5 Clinical reverse exclusion validation

This chapter aims to validate the effectiveness and reliability of the reverse exclusion strategy-based model in melanoma screening.

5.1 Research objective and logical premise

This chapter evaluates the clinical safety of the proposed “melanocytic nevus recognition + reverse exclusion” strategy. Since the model exclusively identifies the benign feature “melanocytic nevus,” the screening logic follows:

If the model classifies a case as “melanocytic nevus,” it is deemed “low-risk” and biopsy is not recommended.

Otherwise, the case is categorized as “non-nevus” and classified as high-risk, requiring further intervention.

Under this framework, the definition of false negative (FN) is inverted: “misidentifying melanoma as melanocytic nevus” (erroneously classifying malignant as benign), which carries significant clinical risks.

Therefore, false negative rate (FNR) serves as the core evaluation metric to determine whether this reverse exclusion strategy meets sufficient safety criteria (i.e., FNR ≤ 0.5%).

5.2 Model detection process

The experiment utilizes the independent external test set constructed in Chapter 4, comprising 365 dermoscopic images of melanoma confirmed by biopsy, with no melanocytic nevi or other benign lesions, ensuring unambiguous classification.

All images undergo standardized normalization and are processed through the improved model for inference. The model exclusively detects the “melanocytic nevus” category:

Detection bounding boxes indicate “melanocytic nevus” classification.

Absence of bounding boxes indicates “non-melanocytic nevus” classification.

5.3 Research objective and logical premise

According to the clinical inverse exclusion definition, the false negative rate (FNR) is calculated as Equation 8 (Bossuyt et al., 2003):

$\begin{array}{ll}\mathit{FNR}=\frac{\mathit{FN}}{\mathit{TP}+\mathit{FN}}& (8)\end{array}$

where, FN (false negative): misclassifying melanoma as melanocytic nevus (i.e., labeling malignancy as benign); TP (true positive): correctly classifying melanoma as “non-melanocytic nevus” (i.e., identifying high-risk lesions).

5.4 Experimental results

Among the 365 melanoma samples, the model failed to detect melanocytic nevus in 364 cases (TN), while misclassifying 1 case as nevus (FN) with a detection confidence of 0.5. The misclassified sample is shown in Figure 13

Figure 13

Figure 13. Misclassified sample.

Table 11 shows the test statistics.

Table 11

Table 11. Inverse detection statistics on melanoma dataset.

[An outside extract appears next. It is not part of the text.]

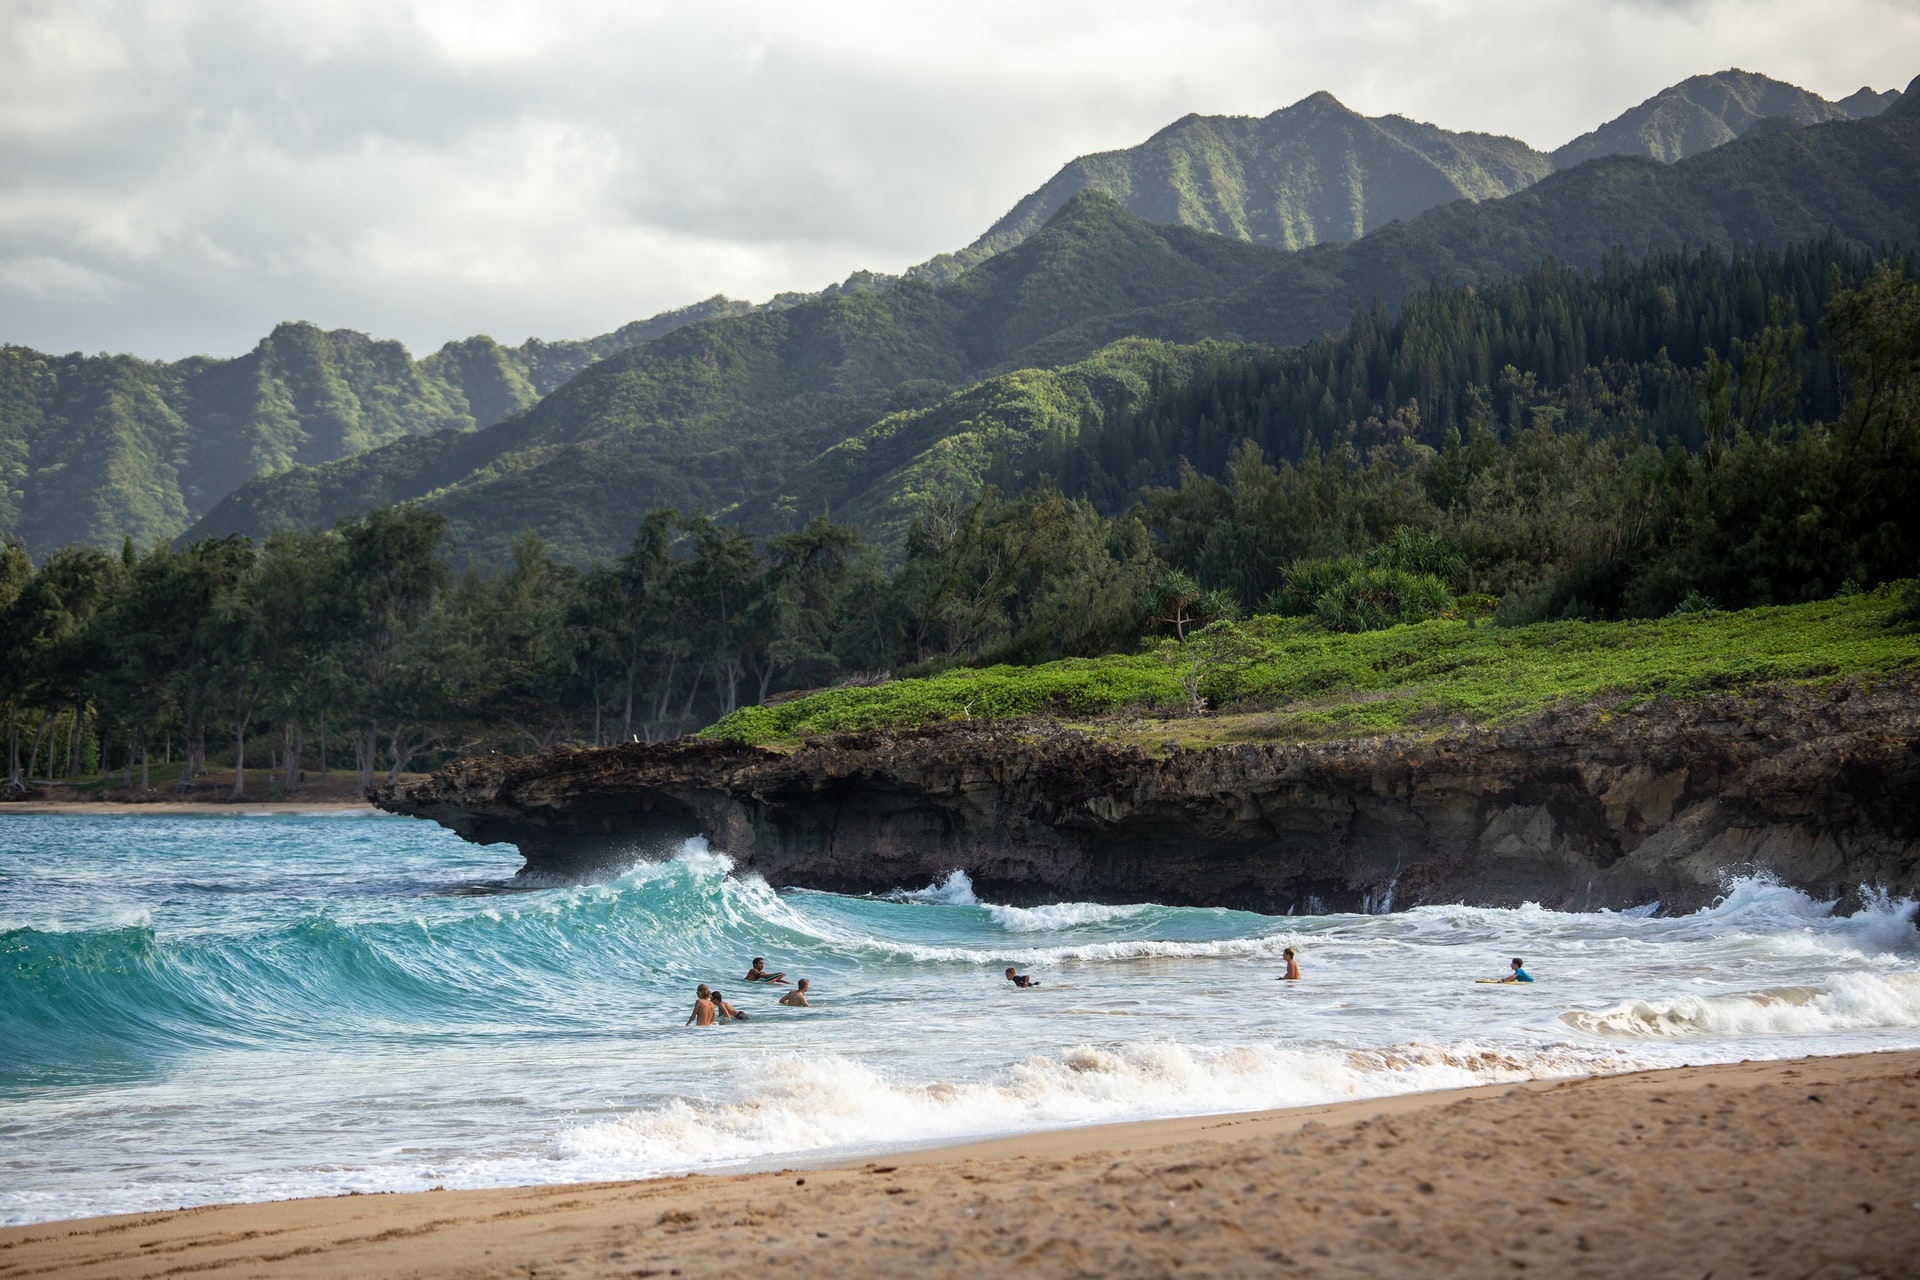 Lanai Insel – Hawaii Steckbrief & Bilder

5.5 Morphological analysis of the misclassified lesion

The dermoscopic image mislabelled by the network as a benign melanocytic naevus exhibits several geometric and topological hallmarks of early melanoma that escape the current model.

The binary mask was thinned using the Zhang–Suen algorithm, and the resulting skeleton (lime) is super-imposed on the dermoscopic image (see Figure 14). High branch density and numerous terminal nodes indicate irregular peripheral outgrowth and suggest satellite invasion beyond the main tumour mass.

Figure 14

Figure 14. Skeleton overlay.

The scale-resolved spectrum in Figure 15 refines this observation: between 16 px and 64 px the local fractal dimension stays in the 1.92–1.95 range, while beyond 128 px it abruptly approaches 2.0. These twin plateaux indicate the coexistence of coarse lobular bulges and fine spiculate structures, an architectural pattern frequently reported in early invasive melanoma.

Figure 15

Figure 15. Local FD spectrum.

Shape frequency analysis supports this conclusion. The elliptic Fourier magnitude spectrum in Figure 16 decays only slowly up to the 20th harmonic; every component above the third harmonic exceeds 10⁻², whereas benign contours typically fall one to two orders of magnitude below that threshold. The preserved high-frequency power confirms the abundance of micro-indentations already visible in the raw outline.

Figure 16

Figure 16. EFD magnitude.

Geometric symmetry is equally compromised. The polar radial-distance trace (Figure 17) oscillates by roughly 32% of the mean radius, with pronounced peaks along the 60°–120° and 240°–300° directions.

Figure 17

Figure 17. Radial distance profile.

The normalised deviation histogram in Figure 18 is clearly bimodal: about 41% of boundary pixels deviate from the mean radius by more than 10%, whereas benign controls rarely exceed 15%. These measurements satisfy the asymmetry clause of the ABCDE rule and reinforce the malignant impression.

Figure 18

Figure 18. Δr/r̄ histogram.

Taken together, the five quantitative views demonstrate excessive boundary complexity, multiscale serration and pronounced bilateral asymmetry—three independent morphological signatures of melanoma. The convolutional network nevertheless produced a benign probability of 0.5, implying that its decision was dominated by homogeneous central pigmentation while largely ignoring higher-order geometric cues.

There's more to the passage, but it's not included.